The proposal describes Prompt+question Shield, a defensive library to protect website comment sections from

automated AI-driven spam responses. This introduction of AI-driven agent systems or custom chained model pipelines that are capable of generating and posting content, can introduce noise and lead to concerns about the authenticity of online discussions. The author's proposed solution is a proactive defense mechanism using a prompt injection that detects automated agents by triggering confusion in the agent's response or nullifying posting behaviors. Additionally, the author proposes a time-limited question that might be difficult for humans to respond to promptly and prevent responses that are received below a threshold time.

This is a great idea, and the proposal sets up the problem clearly and proposes interesting solutions. There are some avenues of improvement to consider that would make the proposal stronger:

1. Discussing potential risks and failure modes: for example the solution might face some challenges if there is a preprocessing step that identifies specific divs to post content to or uses multiple agents that can evolve and learn to bypass the prompt injections.

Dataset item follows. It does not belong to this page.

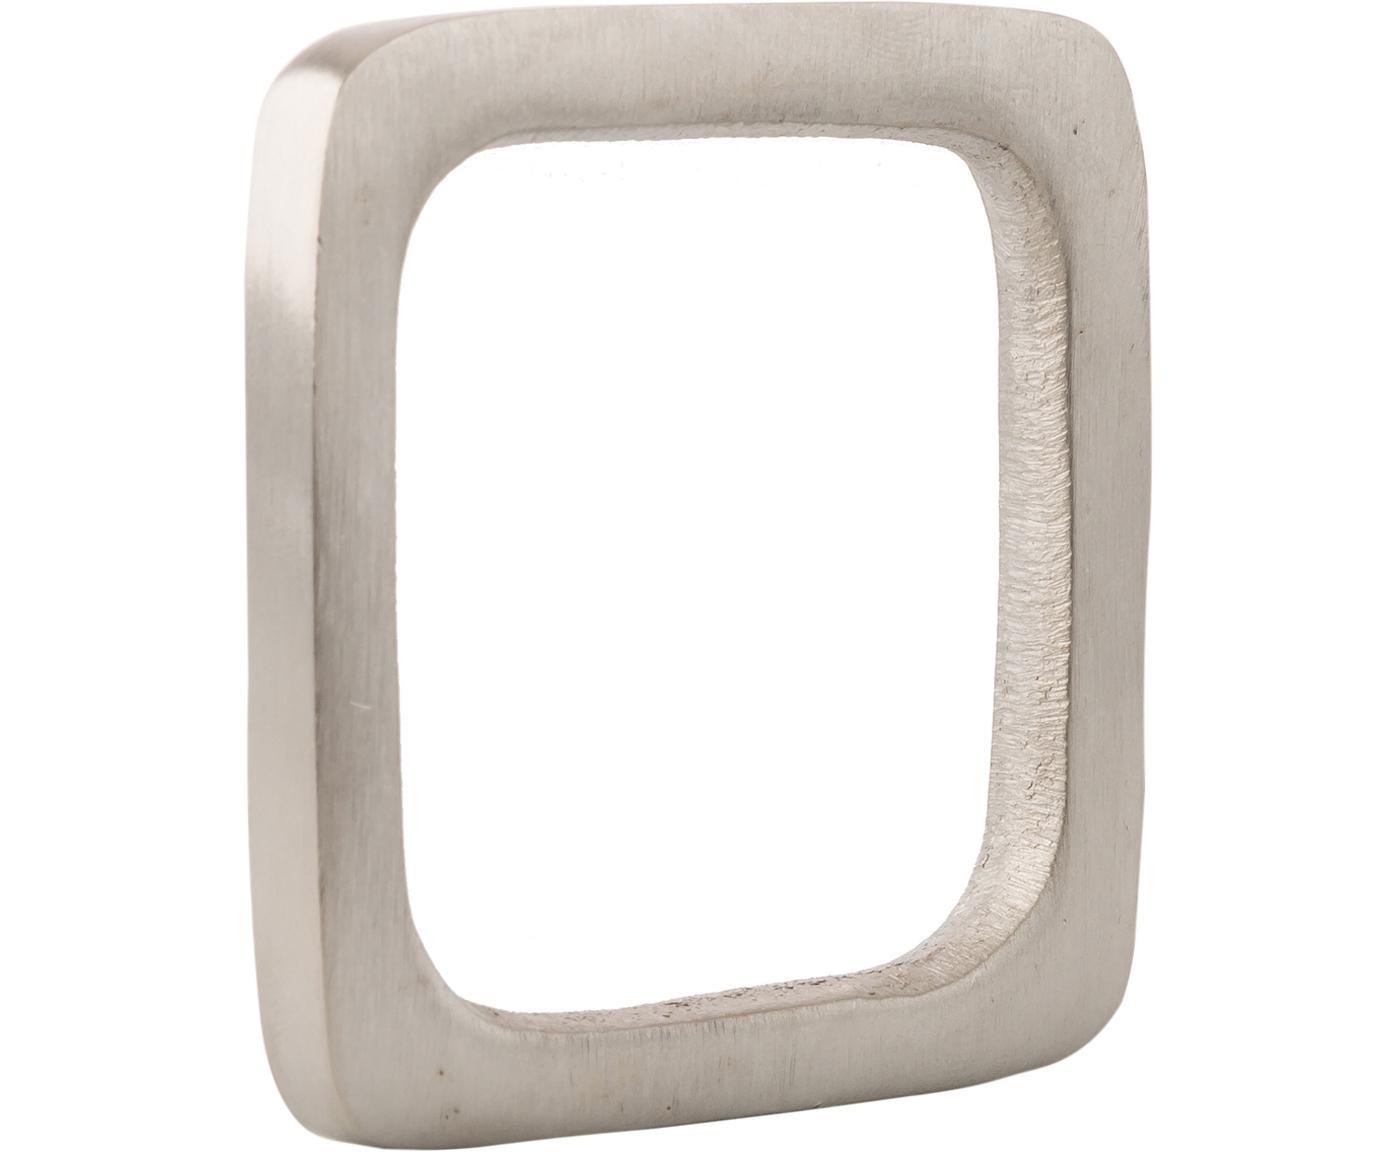 Serviettenringe Squark, 4 Stück, Aluminium, vernickelt, Nickel, 5 x 5 cm

2. Some discussion on how the solution might adapt to future AI systems with advanced capabilities that can ignore the injection attacks might be helpful

3. Demonstrating how the library can be used in some practical scenarios with detailed example usecases or case studies can show the empirical validity of the solution

I would recommend the author to develop the solution further since this is definitely going to be a real need very soon.

The proposal is immediately interesting, not only because the problem space was familiar to me, but also because the author introduces it thoroughly.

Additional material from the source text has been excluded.